I now know how mass arrests and violence at the hands of the state can directly increase numbers in a movement.
I now know how to write and share about my experiences and how crucial it is that I and my friends do so.
I now know that sharing these experiences can help protesters in other cities improve their attempts at making their own protest spaces anti-oppressive.
I now know how to speak up. Its still hard and intimidating, but I know how to do it.

I know how crucial it is that this movement continues to grow, has sustainability, and improves in order for the participation and inclusion of everyone.

Photo via the Guardian


4 Comments to “Lessons from OWS”

  1. But does OWS really claim to be anti-oppressive? Is that stated anywhere or explicitly implied (does that even work?) anywhere?

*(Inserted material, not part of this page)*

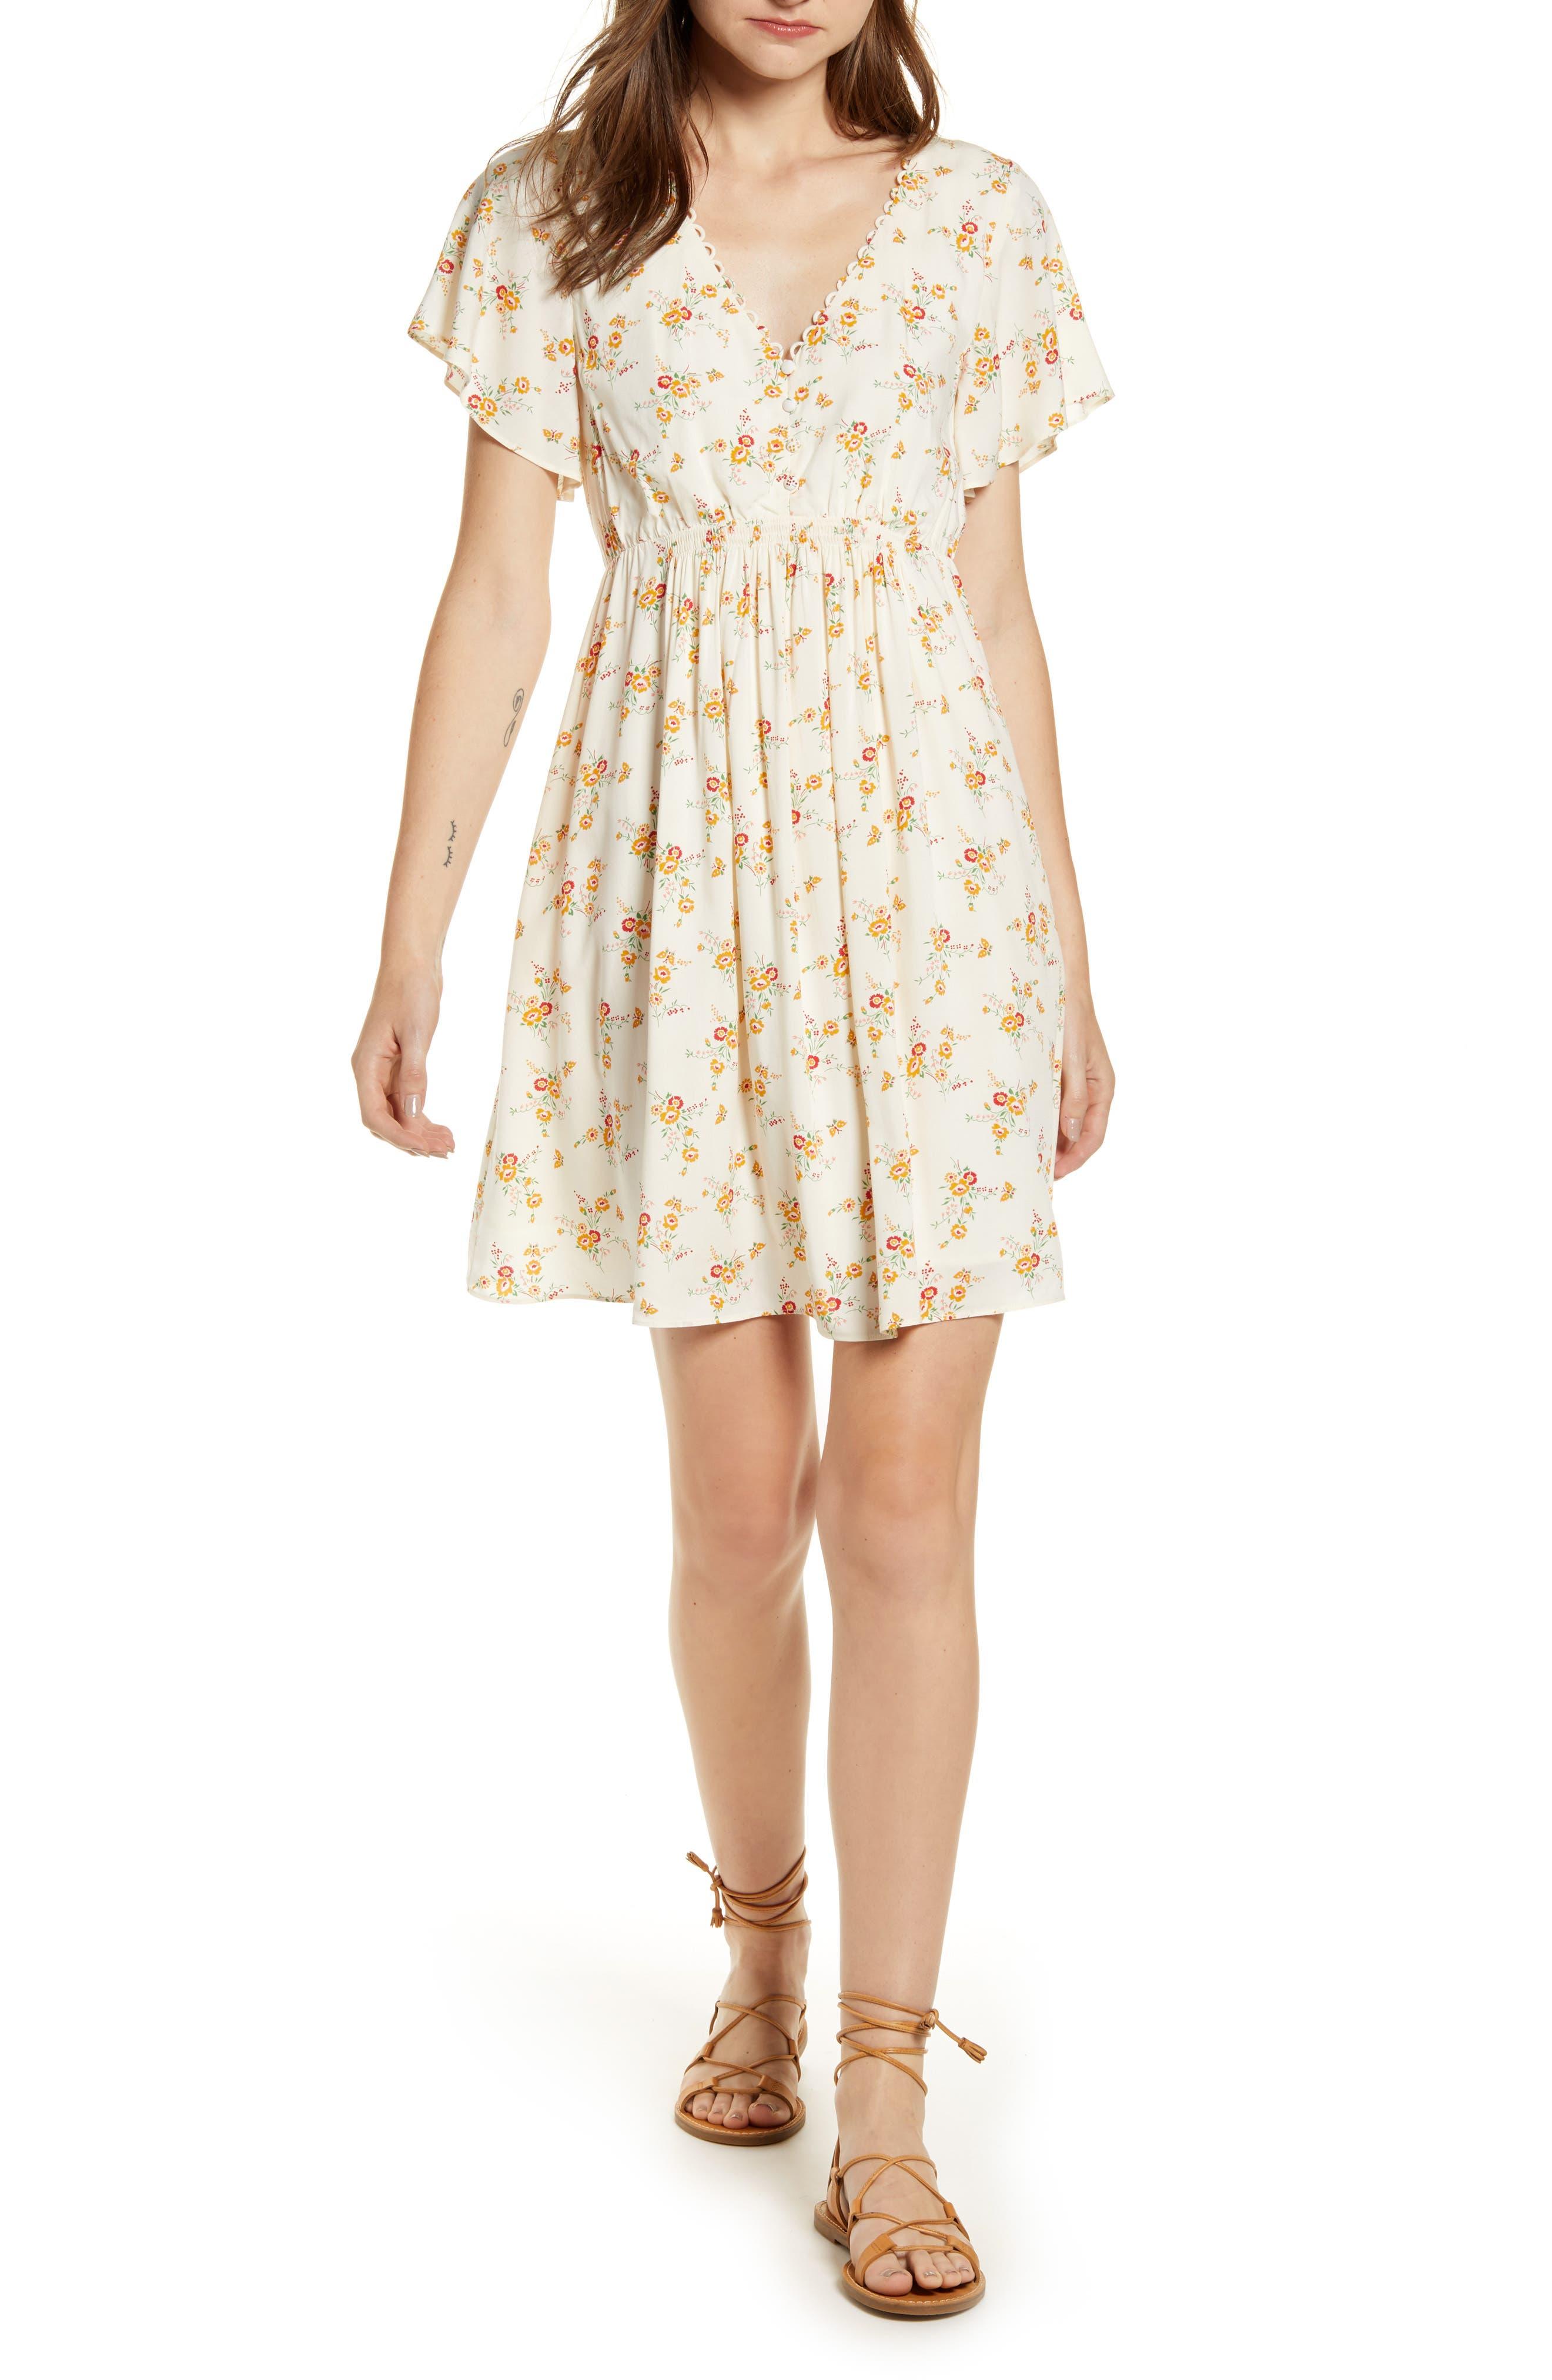 Madewell Floral Loop Trim Minidress, Ivory

I never got that message from them.

    • sort of. these are the principles of solidarity that were recently adopted (and printed in the OWS journal).
      Engaging in direct and transparent participatory democracy;
      Exercising personal and collective responsibility;
      Recognizing individuals’ inherent privilege and the influence it has on all interactions;
      Empowering one another against all forms of oppression;
      Redefining how labor is valued;
      The sanctity of individual privacy;
      The belief that education is human right; and
      Endeavoring to practice and support wide application of open source.

      i’m sure they’re up on the NYCGA site somewhere but google took me here first: http://anonops.blogspot.com/2011/09/occupywallstreet-principles-of.html

  2. “anti-oppressive” means that you don’t like the fact that there are so many white people who are not “anti-racist” enough for your petty standards.